EXERCISE DETAILS: Starting with the line that contains "Beach Geger Beach, Bali, Indonesia", copy each line exactly through the end of the listing, and omit all pictures.

THE DATA:
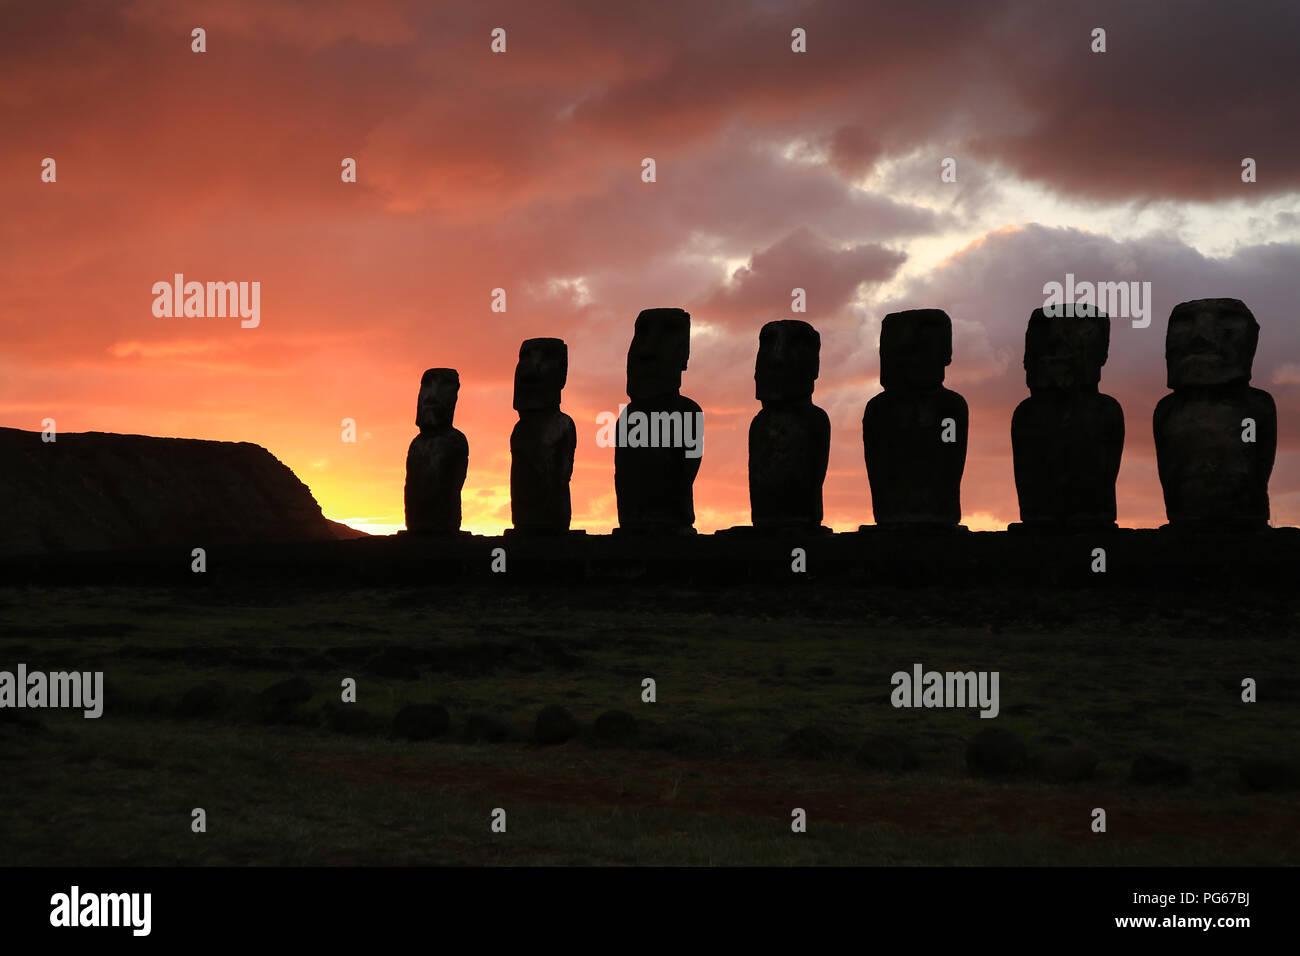 Silueta de enormes estatuas moai de Ahu Tongariki contra bellos amaneceres cielo nublado, sitio arqueológico en la Isla de Pascua, Chile Imagen De Stock
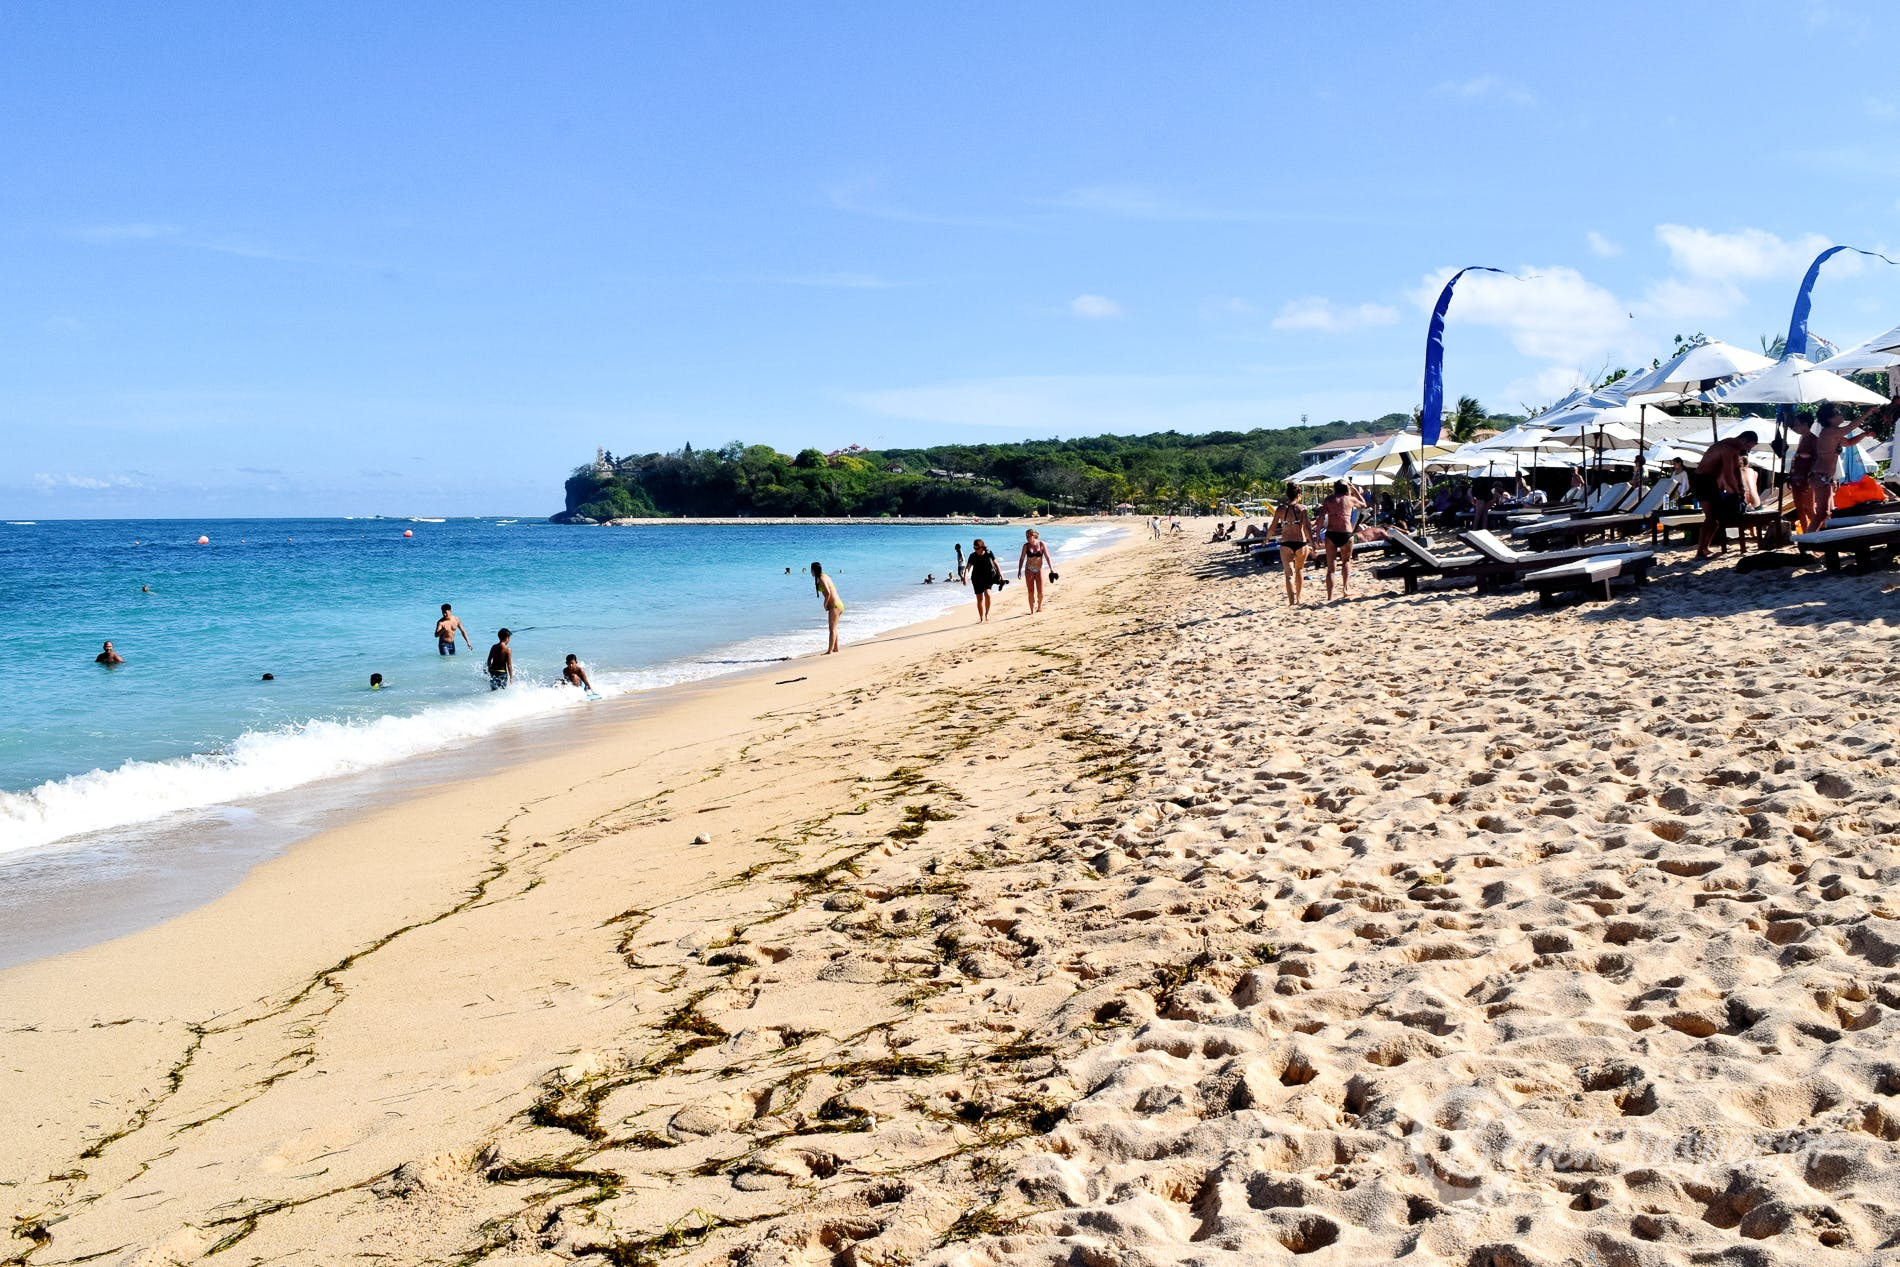 Beach Geger Beach, Bali, Indonesia
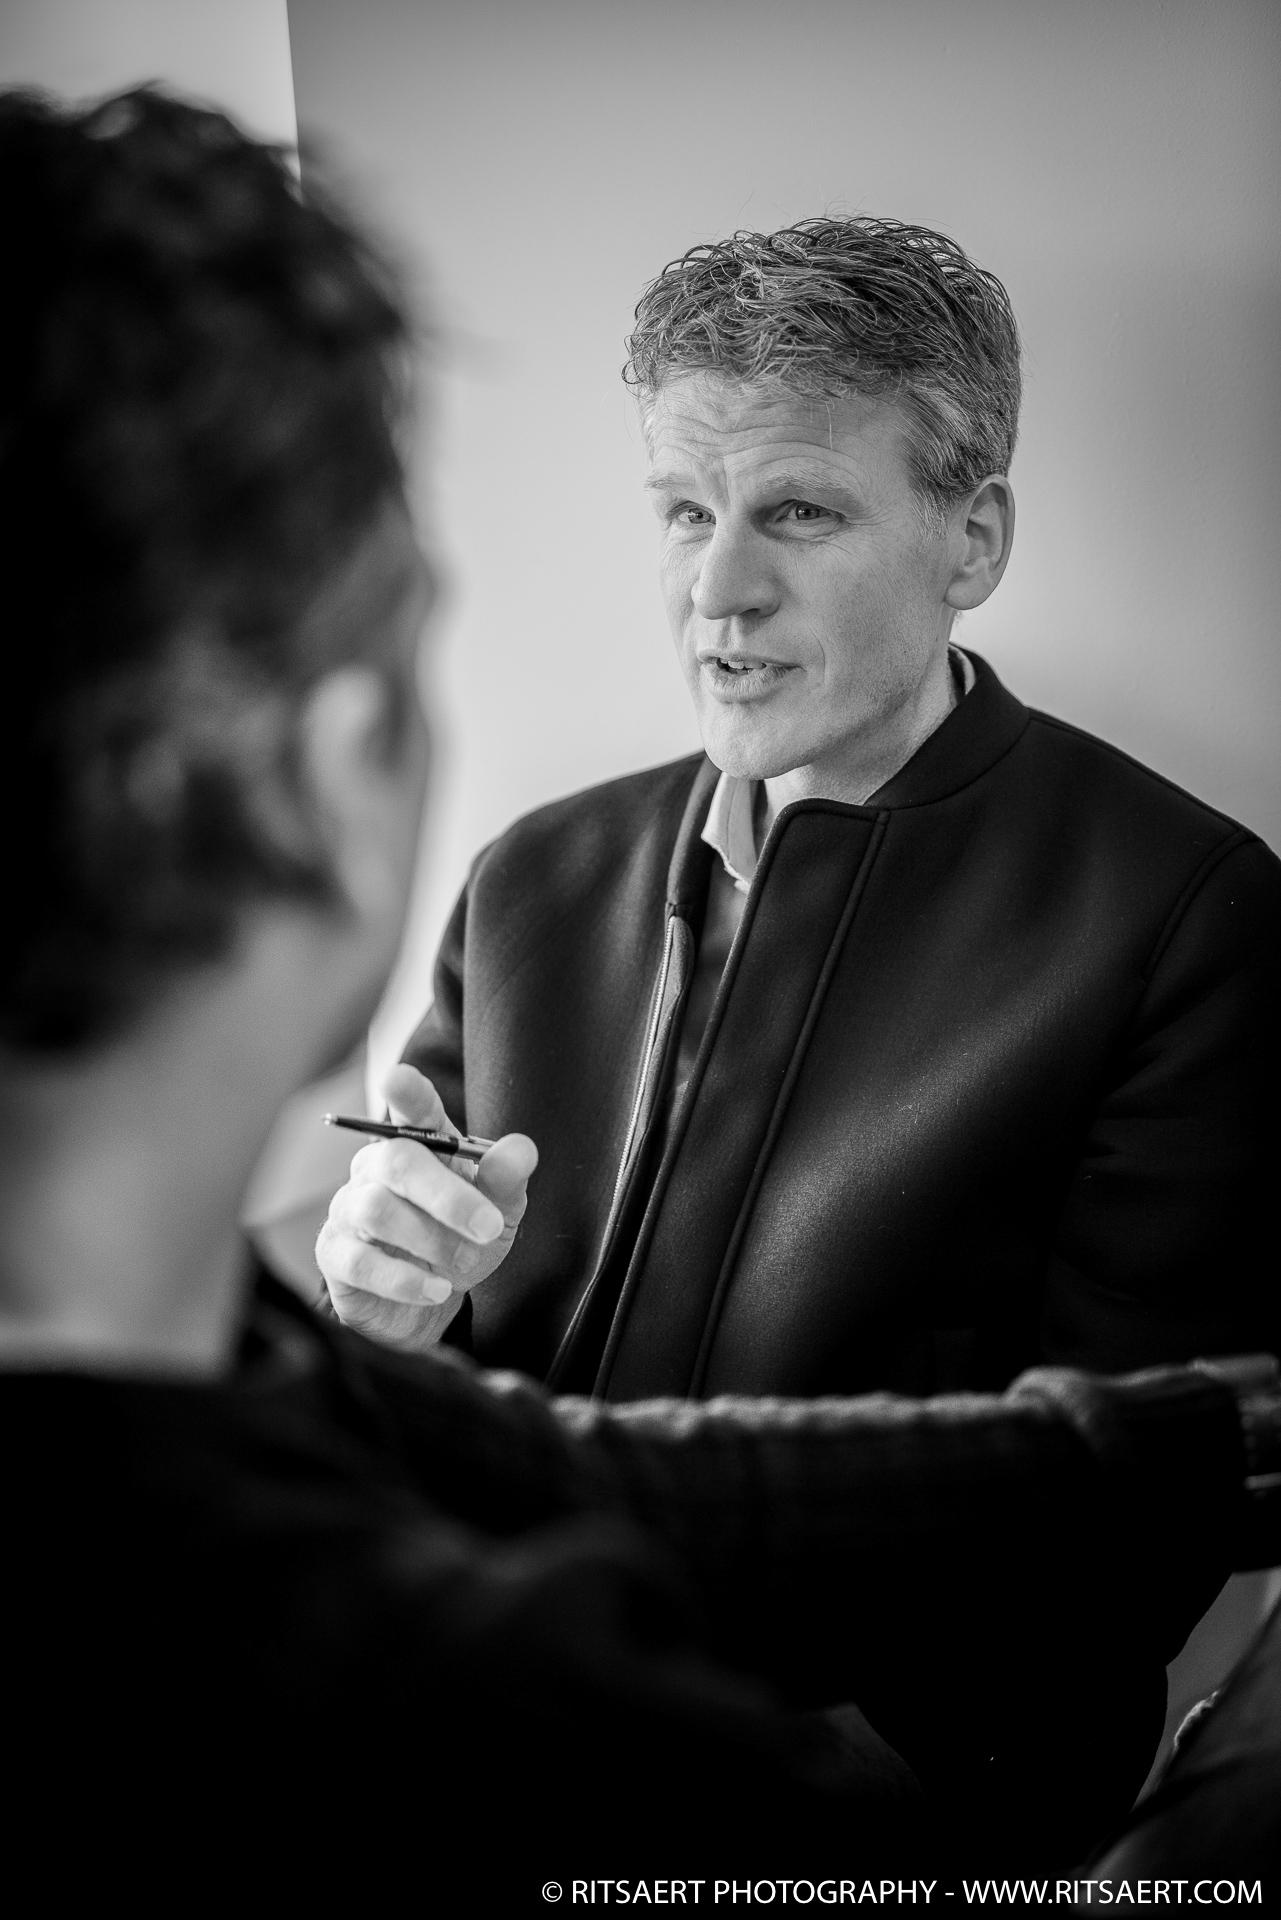 Hugo Logtenberg - Research reporter & writer - Amsterdam

YOUR SOLUTION:
 Beach Geger Beach, Bali, Indonesia
 Hugo Logtenberg - Research reporter & writer - Amsterdam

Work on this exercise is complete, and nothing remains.